1R06 Flood Protection Measures
a. Inspection Scope
The inspectors reviewed AmerGens internal flooding mitigation strategy for protection of the emergency feedwater pumps and nearby components following a main feedwater pipe break. The inspectors walked down the emergency feedwater pump rooms and the area enveloped by a circular retaining wall surrounding the reactor containment (commonly known at TMI as the Alligator Pit), interviewed the flood protection engineer and his supervisor, and reviewed the following documents:
- UFSAR Section 2.6.4, Flood Studies
- UFSAR Appendix 14A, Design Review for Consideration of Effects of Piping System Breaks Outside Containment
- AmerGen Technical Data Report, TDR-250, Review of Intermediate Building Flooding Following a Feedwater Line Break in the Intermediate Building of TMI Unit 1, Rev. 3
- Calculation C-11-1-424-E540-064, Flooding Due to a Postulated Pipe Break in the Intermediate Building, Rev. 1
1R07 Heat Sink Performance
a. Inspection Scope
The inspectors reviewed the heat removal capability of the safety-related decay heat service closed cooling water Coolers (DC-C-2A/B) and the station blackout (SBO) diesel generator lube oil cooler, air cooler, and jacket water heat exchanger. The inspectors compared recent surveillance test data to the test acceptance criteria which had been developed through engineering calculations. The inspectors compared the bounding calculations and acceptance criteria to the licensing and design bases to ensure the minimum design basis assumptions were appropriately incorporated. The inspectors also verified that the number of tubes plugged in the DC-C-2A/B exchangers were accounted for in current calculations. The inspectors performed a walk down of the DC-C-2A/B heat exchangers and SBO diesel to assess their current material condition. In addition, the inspectors interviewed key personnel responsible for oversight of the heat exchangers to assess the adequacy of performance monitoring.
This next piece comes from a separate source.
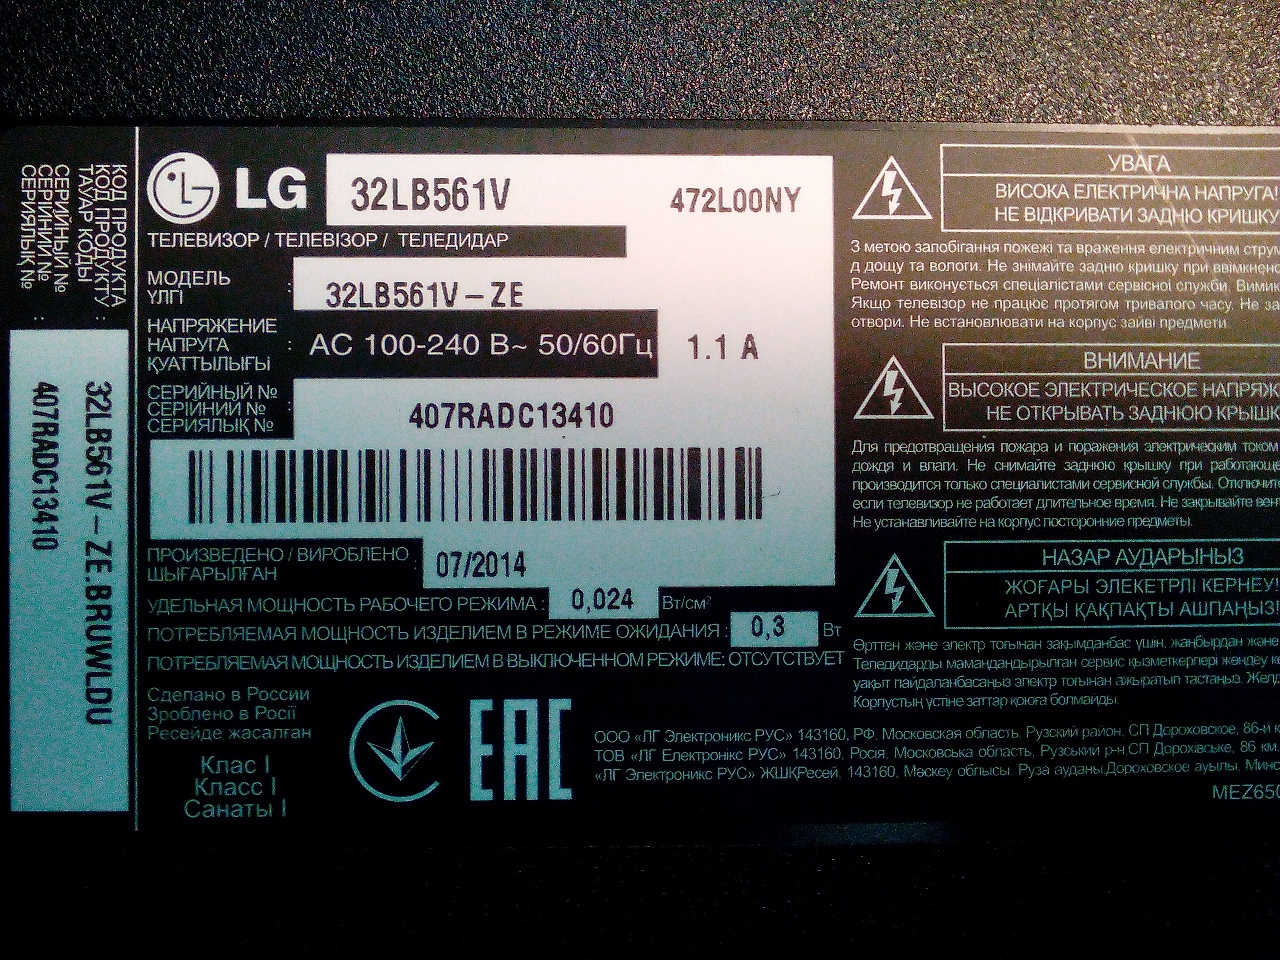 MAIN PCB LC43B/LD43B/LB43T EAX 65388005 (1.0)

The inspectors reviewed a sample of condition reports (CRs) over the past two years related to equipment, programs, and performance of the DC-C-2A/B and SBO diesel heat exchangers. The inspectors reviewed the CRs to ensure that equipment deficiencies were being properly identified and evaluated, and that corrective actions were effective.
The inspectors reviewed the processes and programs used to treat the DC-C-2A/B and SBO diesel generator heat exchangers. Chemical addition processes to control fouling were reviewed for their effectiveness to ensure heat removal capabilities. The inspectors conducted interviews with knowledgeable personnel to assess challenges with various bio-fouling mechanisms. Additionally, the inspectors reviewed the Microbiologically Influenced Corrosion (MIC) program to determine the current effectiveness and future direction to mitigate MIC on heat exchanger performance.
b. Findings
No findings of significance were identified.
1R08 Inservice Inspection
a. Inspection Scope
The inspectors observed selected samples of nondestructive examination (NDE)activities in process. Also, the inspectors reviewed selected additional samples of completed NDE and repair/replacement activities. The sample selection was based on the inspection procedure objectives and risk priority of those components and systems where degradation would result in a significant increase in risk of core damage. The observations and documentation reviews were performed to verify the activities were performed in accordance with the American Society of Mechanical Engineers (ASME)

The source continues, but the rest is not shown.